» **Required action**
Start at the line with "Soviet political leader" and print every line through the end of the material below. Keep it exact and free of pictures.

» **Supplied information**

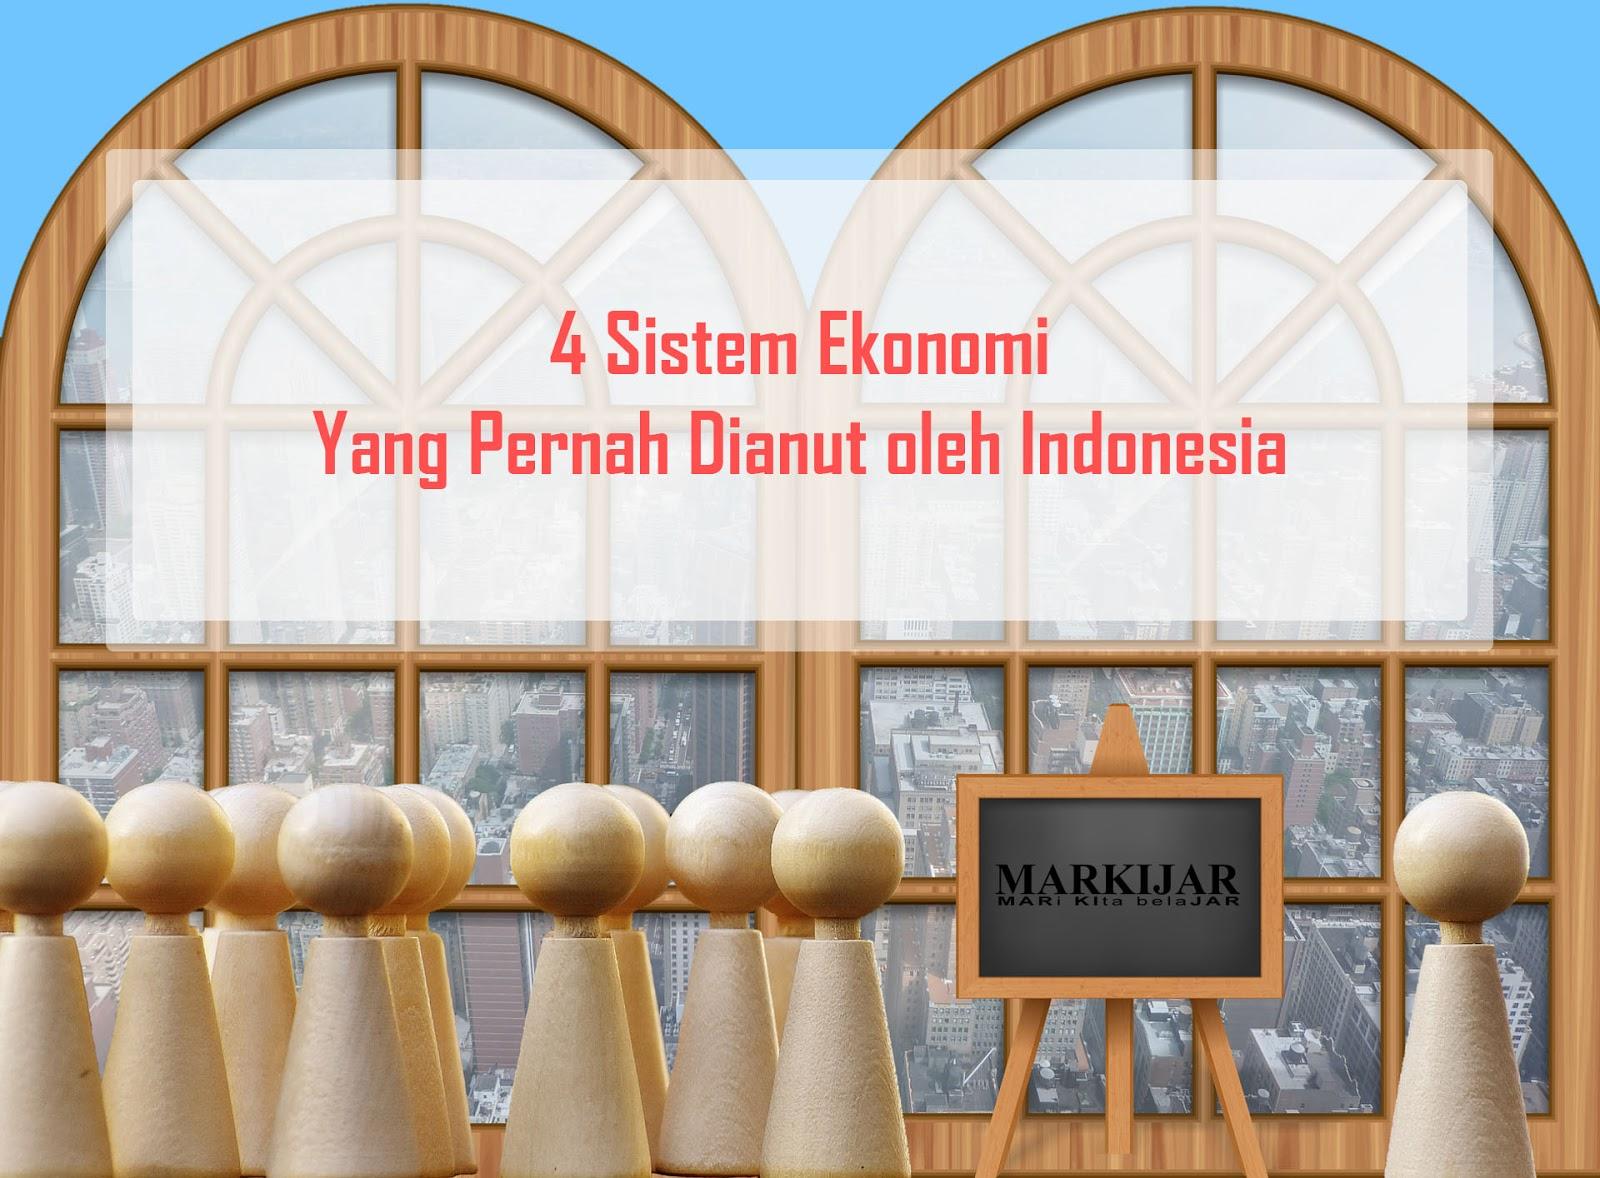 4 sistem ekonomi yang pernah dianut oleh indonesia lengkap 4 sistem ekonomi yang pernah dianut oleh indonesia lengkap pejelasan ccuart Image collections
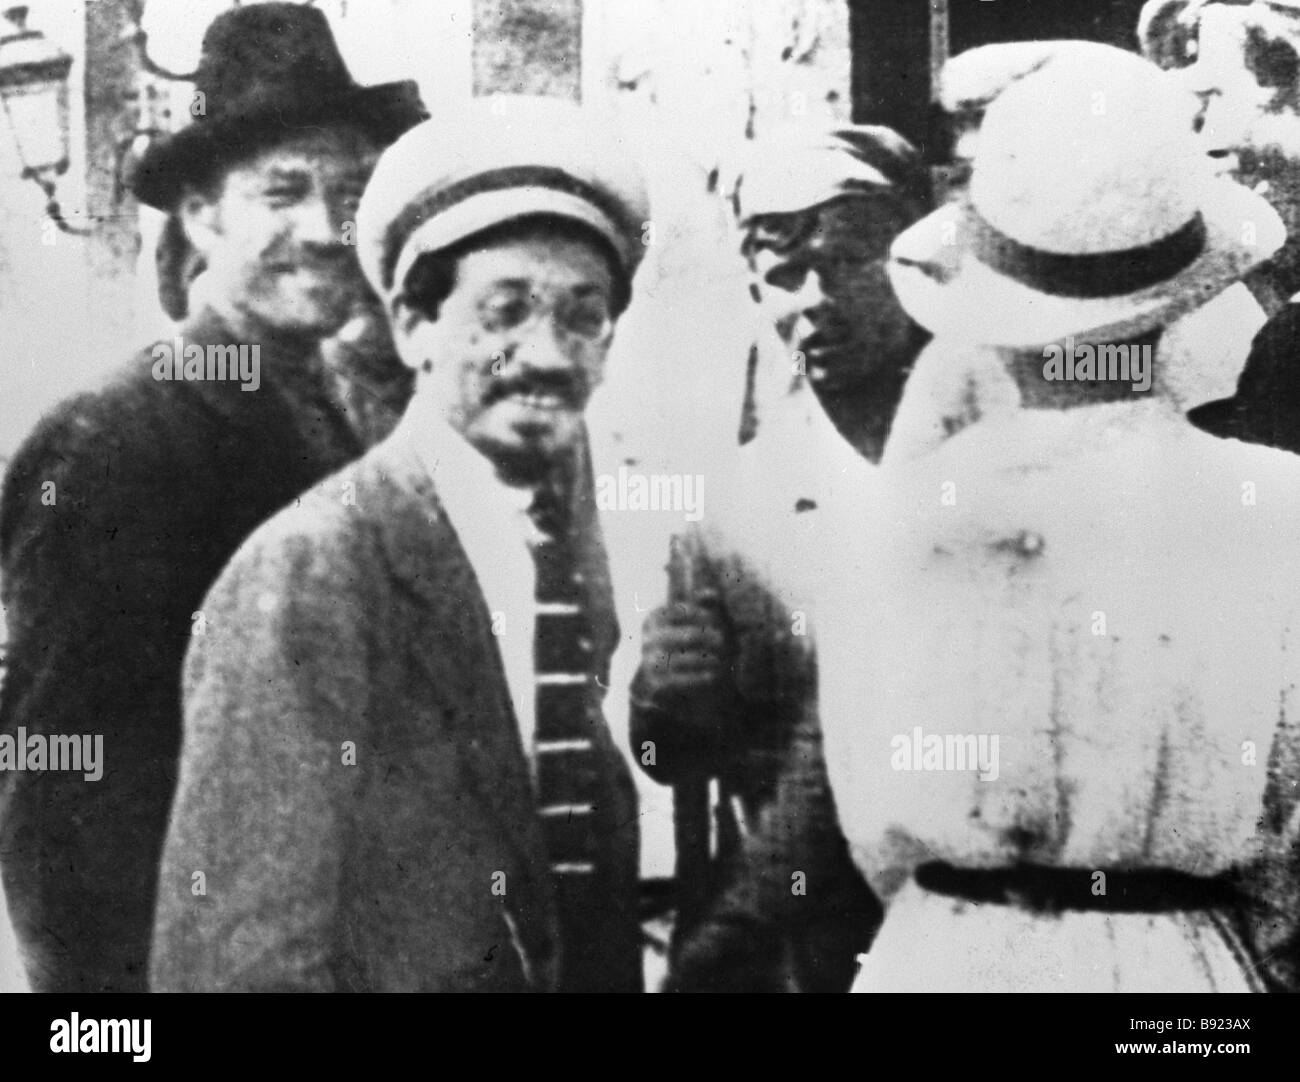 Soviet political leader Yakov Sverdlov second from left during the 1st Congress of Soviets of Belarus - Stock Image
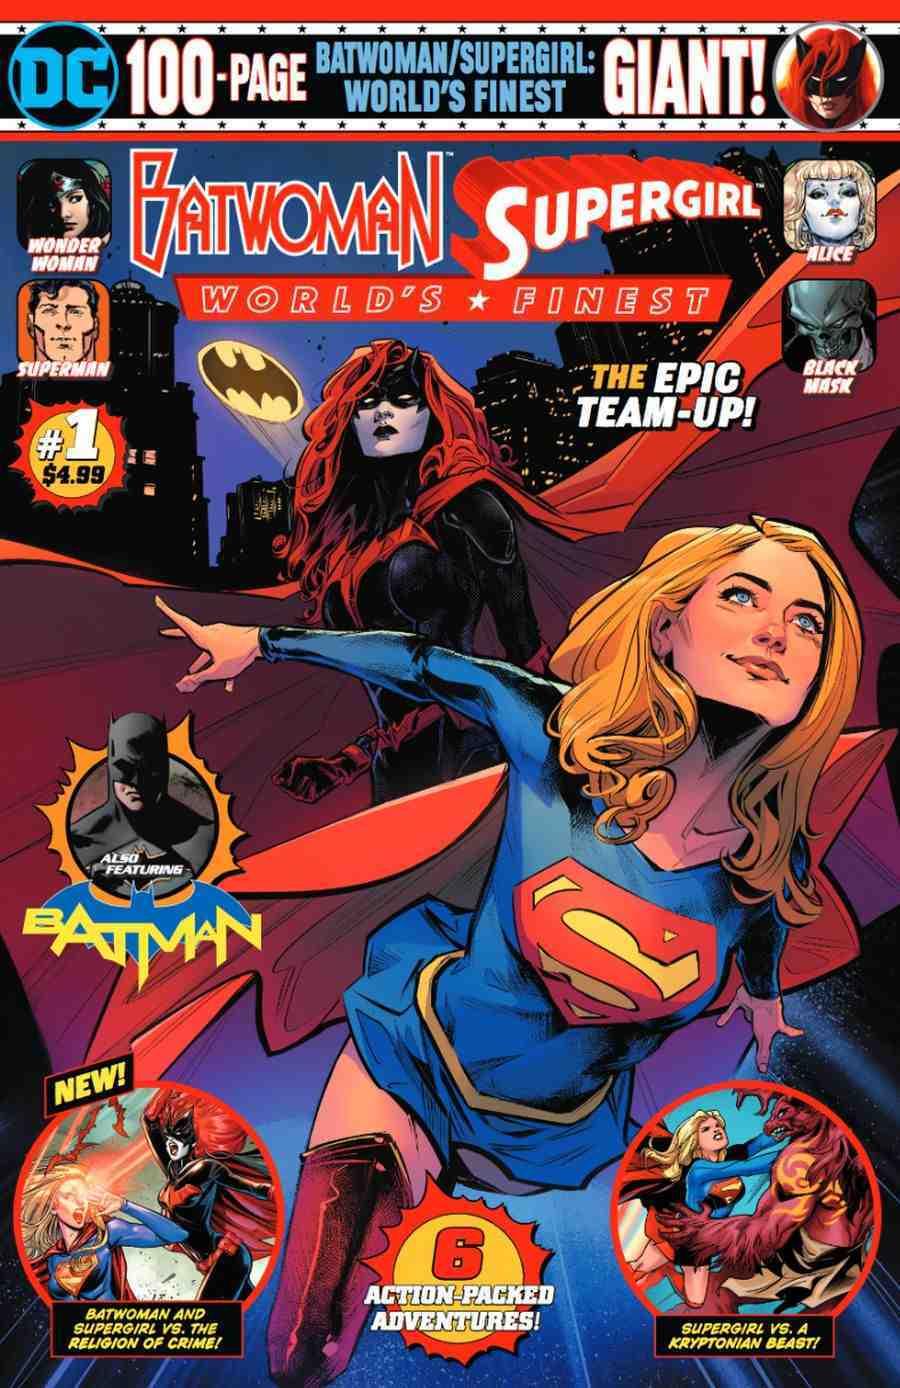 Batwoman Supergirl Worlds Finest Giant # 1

» **Result of this task**
 Soviet political leader Yakov Sverdlov second from left during the 1st Congress of Soviets of Belarus - Stock Image
 Batwoman Supergirl Worlds Finest Giant # 1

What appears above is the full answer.